• **WHAT THE TASK ASKS**: Retype, exactly as they appear below, the lines between the line holding "Lò Nướng Pensonic PEO-3801" and the line holding "Samsung Réfrigérateur 2", both ends included.

═════ EXTRACTED DATA

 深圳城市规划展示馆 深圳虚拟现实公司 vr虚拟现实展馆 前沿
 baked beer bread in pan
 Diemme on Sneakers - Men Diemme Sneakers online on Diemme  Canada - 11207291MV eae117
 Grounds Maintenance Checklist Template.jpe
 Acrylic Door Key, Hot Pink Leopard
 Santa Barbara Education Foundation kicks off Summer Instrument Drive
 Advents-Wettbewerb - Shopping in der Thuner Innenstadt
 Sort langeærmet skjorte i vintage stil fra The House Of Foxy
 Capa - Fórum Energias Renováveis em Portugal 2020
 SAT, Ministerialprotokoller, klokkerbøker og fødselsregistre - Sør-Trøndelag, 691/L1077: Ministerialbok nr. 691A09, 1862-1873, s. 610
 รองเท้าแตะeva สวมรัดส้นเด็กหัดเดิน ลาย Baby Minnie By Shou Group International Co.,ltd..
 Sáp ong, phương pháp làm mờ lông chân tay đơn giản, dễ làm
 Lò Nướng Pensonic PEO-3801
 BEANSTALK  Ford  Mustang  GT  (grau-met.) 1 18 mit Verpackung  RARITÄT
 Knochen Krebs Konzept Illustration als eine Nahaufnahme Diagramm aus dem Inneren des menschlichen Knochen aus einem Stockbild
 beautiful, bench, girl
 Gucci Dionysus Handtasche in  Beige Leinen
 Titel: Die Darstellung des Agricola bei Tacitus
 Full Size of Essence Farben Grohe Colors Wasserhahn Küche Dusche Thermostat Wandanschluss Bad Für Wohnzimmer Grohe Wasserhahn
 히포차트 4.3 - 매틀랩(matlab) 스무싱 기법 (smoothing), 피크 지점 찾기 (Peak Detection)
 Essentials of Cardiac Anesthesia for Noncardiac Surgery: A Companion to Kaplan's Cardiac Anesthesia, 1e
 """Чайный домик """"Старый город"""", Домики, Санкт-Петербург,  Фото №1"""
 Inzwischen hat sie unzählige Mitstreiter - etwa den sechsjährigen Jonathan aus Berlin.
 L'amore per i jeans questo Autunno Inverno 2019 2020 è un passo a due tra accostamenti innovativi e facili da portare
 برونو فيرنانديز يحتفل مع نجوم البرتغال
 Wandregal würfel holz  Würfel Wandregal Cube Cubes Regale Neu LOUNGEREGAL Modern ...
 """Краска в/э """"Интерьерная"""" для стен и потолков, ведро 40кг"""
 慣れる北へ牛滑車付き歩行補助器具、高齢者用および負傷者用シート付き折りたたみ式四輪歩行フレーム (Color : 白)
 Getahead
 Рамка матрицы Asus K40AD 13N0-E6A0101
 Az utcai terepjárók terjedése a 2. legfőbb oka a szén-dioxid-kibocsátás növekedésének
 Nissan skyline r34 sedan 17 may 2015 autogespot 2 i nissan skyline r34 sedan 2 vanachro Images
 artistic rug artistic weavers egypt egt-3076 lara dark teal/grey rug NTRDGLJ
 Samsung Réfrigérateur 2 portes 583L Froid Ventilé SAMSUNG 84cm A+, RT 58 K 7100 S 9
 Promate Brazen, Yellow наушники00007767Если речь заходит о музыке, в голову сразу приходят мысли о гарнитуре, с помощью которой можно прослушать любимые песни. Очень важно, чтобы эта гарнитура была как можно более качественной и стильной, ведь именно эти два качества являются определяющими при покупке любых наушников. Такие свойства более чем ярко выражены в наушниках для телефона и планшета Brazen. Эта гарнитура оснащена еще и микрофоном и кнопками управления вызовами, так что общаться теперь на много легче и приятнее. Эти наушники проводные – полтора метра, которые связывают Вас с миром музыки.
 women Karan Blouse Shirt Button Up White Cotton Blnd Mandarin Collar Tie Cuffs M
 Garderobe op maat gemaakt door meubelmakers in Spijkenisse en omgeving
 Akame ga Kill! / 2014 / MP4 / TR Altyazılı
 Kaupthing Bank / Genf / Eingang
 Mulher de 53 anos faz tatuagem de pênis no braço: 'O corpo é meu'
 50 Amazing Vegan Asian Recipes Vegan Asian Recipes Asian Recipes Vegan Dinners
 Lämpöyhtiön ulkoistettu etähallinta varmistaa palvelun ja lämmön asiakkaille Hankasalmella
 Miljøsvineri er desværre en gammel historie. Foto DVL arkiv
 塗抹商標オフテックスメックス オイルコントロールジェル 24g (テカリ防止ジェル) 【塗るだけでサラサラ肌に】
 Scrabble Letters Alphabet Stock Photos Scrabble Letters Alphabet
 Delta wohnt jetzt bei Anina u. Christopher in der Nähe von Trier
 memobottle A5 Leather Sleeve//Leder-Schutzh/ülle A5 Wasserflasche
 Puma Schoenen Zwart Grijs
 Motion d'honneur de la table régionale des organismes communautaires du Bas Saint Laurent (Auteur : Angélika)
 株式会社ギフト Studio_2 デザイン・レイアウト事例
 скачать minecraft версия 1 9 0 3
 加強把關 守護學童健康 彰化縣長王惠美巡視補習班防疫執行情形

══════════

• **OUTPUT BELOW**:
 Lò Nướng Pensonic PEO-3801
 BEANSTALK  Ford  Mustang  GT  (grau-met.) 1 18 mit Verpackung  RARITÄT
 Knochen Krebs Konzept Illustration als eine Nahaufnahme Diagramm aus dem Inneren des menschlichen Knochen aus einem Stockbild
 beautiful, bench, girl
 Gucci Dionysus Handtasche in  Beige Leinen
 Titel: Die Darstellung des Agricola bei Tacitus
 Full Size of Essence Farben Grohe Colors Wasserhahn Küche Dusche Thermostat Wandanschluss Bad Für Wohnzimmer Grohe Wasserhahn
 히포차트 4.3 - 매틀랩(matlab) 스무싱 기법 (smoothing), 피크 지점 찾기 (Peak Detection)
 Essentials of Cardiac Anesthesia for Noncardiac Surgery: A Companion to Kaplan's Cardiac Anesthesia, 1e
 """Чайный домик """"Старый город"""", Домики, Санкт-Петербург,  Фото №1"""
 Inzwischen hat sie unzählige Mitstreiter - etwa den sechsjährigen Jonathan aus Berlin.
 L'amore per i jeans questo Autunno Inverno 2019 2020 è un passo a due tra accostamenti innovativi e facili da portare
 برونو فيرنانديز يحتفل مع نجوم البرتغال
 Wandregal würfel holz  Würfel Wandregal Cube Cubes Regale Neu LOUNGEREGAL Modern ...
 """Краска в/э """"Интерьерная"""" для стен и потолков, ведро 40кг"""
 慣れる北へ牛滑車付き歩行補助器具、高齢者用および負傷者用シート付き折りたたみ式四輪歩行フレーム (Color : 白)
 Getahead
 Рамка матрицы Asus K40AD 13N0-E6A0101
 Az utcai terepjárók terjedése a 2. legfőbb oka a szén-dioxid-kibocsátás növekedésének
 Nissan skyline r34 sedan 17 may 2015 autogespot 2 i nissan skyline r34 sedan 2 vanachro Images
 artistic rug artistic weavers egypt egt-3076 lara dark teal/grey rug NTRDGLJ
 Samsung Réfrigérateur 2 portes 583L Froid Ventilé SAMSUNG 84cm A+, RT 58 K 7100 S 9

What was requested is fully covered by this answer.